[Stored data]

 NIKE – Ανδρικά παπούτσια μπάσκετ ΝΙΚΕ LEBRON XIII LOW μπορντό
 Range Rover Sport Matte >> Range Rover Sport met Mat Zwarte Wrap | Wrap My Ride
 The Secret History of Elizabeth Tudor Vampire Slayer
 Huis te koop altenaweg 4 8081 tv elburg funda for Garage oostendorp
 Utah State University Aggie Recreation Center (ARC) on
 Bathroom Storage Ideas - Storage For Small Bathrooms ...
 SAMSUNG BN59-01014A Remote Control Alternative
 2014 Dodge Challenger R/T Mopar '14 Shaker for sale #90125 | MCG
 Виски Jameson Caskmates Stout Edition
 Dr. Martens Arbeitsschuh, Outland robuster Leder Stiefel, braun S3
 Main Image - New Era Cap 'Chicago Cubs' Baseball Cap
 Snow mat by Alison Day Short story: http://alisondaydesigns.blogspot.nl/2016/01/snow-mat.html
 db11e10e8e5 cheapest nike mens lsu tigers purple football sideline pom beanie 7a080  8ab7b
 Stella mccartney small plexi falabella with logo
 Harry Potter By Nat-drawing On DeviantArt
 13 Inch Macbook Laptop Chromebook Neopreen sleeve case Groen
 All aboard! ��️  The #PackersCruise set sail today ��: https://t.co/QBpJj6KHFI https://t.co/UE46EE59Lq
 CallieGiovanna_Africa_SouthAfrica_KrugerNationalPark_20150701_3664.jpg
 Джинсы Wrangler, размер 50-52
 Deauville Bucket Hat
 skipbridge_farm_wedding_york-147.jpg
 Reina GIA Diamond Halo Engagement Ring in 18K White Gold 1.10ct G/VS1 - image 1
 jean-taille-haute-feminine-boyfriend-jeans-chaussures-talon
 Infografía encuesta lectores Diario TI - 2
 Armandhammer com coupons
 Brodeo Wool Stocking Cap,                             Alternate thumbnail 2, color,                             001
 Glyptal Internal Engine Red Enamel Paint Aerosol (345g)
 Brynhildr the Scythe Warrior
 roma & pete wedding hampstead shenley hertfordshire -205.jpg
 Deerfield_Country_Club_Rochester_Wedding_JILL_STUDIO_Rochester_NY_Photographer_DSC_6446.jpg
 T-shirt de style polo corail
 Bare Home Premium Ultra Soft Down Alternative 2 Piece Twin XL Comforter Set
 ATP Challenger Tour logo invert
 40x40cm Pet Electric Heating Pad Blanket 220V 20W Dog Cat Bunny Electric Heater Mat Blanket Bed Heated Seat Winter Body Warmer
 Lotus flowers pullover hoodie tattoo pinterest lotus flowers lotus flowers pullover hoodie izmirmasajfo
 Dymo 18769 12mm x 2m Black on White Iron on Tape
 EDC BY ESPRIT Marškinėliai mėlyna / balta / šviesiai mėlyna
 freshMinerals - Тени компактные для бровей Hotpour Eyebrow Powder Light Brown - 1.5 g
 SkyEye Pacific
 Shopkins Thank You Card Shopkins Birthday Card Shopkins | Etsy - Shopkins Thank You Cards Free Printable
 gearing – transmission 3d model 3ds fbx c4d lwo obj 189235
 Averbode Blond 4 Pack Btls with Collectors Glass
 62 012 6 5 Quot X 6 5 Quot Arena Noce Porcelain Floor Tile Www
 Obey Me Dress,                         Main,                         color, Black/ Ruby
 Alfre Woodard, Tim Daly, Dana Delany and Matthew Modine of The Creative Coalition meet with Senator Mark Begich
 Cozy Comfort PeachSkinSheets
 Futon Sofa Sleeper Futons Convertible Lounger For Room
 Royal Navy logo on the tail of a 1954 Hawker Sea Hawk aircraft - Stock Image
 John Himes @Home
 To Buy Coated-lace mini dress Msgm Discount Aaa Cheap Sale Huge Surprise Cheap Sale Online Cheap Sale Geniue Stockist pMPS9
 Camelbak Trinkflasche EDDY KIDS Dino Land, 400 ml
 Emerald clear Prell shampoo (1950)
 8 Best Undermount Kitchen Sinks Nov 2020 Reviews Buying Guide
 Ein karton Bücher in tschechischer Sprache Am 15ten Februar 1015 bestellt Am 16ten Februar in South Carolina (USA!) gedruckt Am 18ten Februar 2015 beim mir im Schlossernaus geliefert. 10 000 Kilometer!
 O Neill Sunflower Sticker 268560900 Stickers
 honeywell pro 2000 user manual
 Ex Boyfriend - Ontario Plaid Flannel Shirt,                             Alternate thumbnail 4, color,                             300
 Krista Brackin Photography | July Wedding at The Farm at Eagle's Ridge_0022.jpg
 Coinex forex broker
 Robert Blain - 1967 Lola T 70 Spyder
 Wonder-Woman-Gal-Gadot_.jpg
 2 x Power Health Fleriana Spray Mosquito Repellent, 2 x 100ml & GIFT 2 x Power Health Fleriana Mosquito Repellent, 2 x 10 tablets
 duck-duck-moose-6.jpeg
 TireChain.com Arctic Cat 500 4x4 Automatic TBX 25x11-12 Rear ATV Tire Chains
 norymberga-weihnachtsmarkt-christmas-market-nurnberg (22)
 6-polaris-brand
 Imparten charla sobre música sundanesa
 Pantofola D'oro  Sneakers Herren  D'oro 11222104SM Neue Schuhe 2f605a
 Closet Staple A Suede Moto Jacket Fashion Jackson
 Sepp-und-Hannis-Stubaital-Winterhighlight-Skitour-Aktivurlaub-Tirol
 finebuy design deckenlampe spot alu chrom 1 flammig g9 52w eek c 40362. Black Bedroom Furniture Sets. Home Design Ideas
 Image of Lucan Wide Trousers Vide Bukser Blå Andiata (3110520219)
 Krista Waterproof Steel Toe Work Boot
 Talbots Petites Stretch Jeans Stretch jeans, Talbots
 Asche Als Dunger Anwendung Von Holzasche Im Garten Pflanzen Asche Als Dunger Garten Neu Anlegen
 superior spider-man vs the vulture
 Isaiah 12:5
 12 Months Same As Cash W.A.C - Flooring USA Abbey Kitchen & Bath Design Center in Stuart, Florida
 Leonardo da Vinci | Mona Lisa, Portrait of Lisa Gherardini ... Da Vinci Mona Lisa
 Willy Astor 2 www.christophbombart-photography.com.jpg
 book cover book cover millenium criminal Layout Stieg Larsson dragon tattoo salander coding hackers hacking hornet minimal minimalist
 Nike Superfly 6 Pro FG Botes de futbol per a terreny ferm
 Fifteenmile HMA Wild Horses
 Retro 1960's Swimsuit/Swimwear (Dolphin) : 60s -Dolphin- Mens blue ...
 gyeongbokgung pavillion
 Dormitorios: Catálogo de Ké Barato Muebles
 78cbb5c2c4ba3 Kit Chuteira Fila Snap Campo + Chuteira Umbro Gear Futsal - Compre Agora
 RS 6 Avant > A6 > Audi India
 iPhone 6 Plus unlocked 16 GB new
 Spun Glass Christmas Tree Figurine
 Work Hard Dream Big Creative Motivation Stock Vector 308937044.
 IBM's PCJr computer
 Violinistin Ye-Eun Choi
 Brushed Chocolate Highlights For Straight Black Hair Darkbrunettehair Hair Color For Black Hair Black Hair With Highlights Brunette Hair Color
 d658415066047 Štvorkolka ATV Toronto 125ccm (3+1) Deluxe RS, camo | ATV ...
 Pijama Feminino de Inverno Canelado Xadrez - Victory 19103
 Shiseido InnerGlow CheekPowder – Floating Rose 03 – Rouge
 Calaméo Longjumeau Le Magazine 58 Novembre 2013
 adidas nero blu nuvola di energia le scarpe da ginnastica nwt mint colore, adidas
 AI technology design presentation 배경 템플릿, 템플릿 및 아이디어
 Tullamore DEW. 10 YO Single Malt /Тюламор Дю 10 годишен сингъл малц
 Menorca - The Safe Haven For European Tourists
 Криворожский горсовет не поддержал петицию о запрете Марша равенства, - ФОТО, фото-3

- Required action
Look through the entries above. Extract each line with the word "Alternate".

- Answer space
 Brodeo Wool Stocking Cap,                             Alternate thumbnail 2, color,                             001
 Ex Boyfriend - Ontario Plaid Flannel Shirt,                             Alternate thumbnail 4, color,                             300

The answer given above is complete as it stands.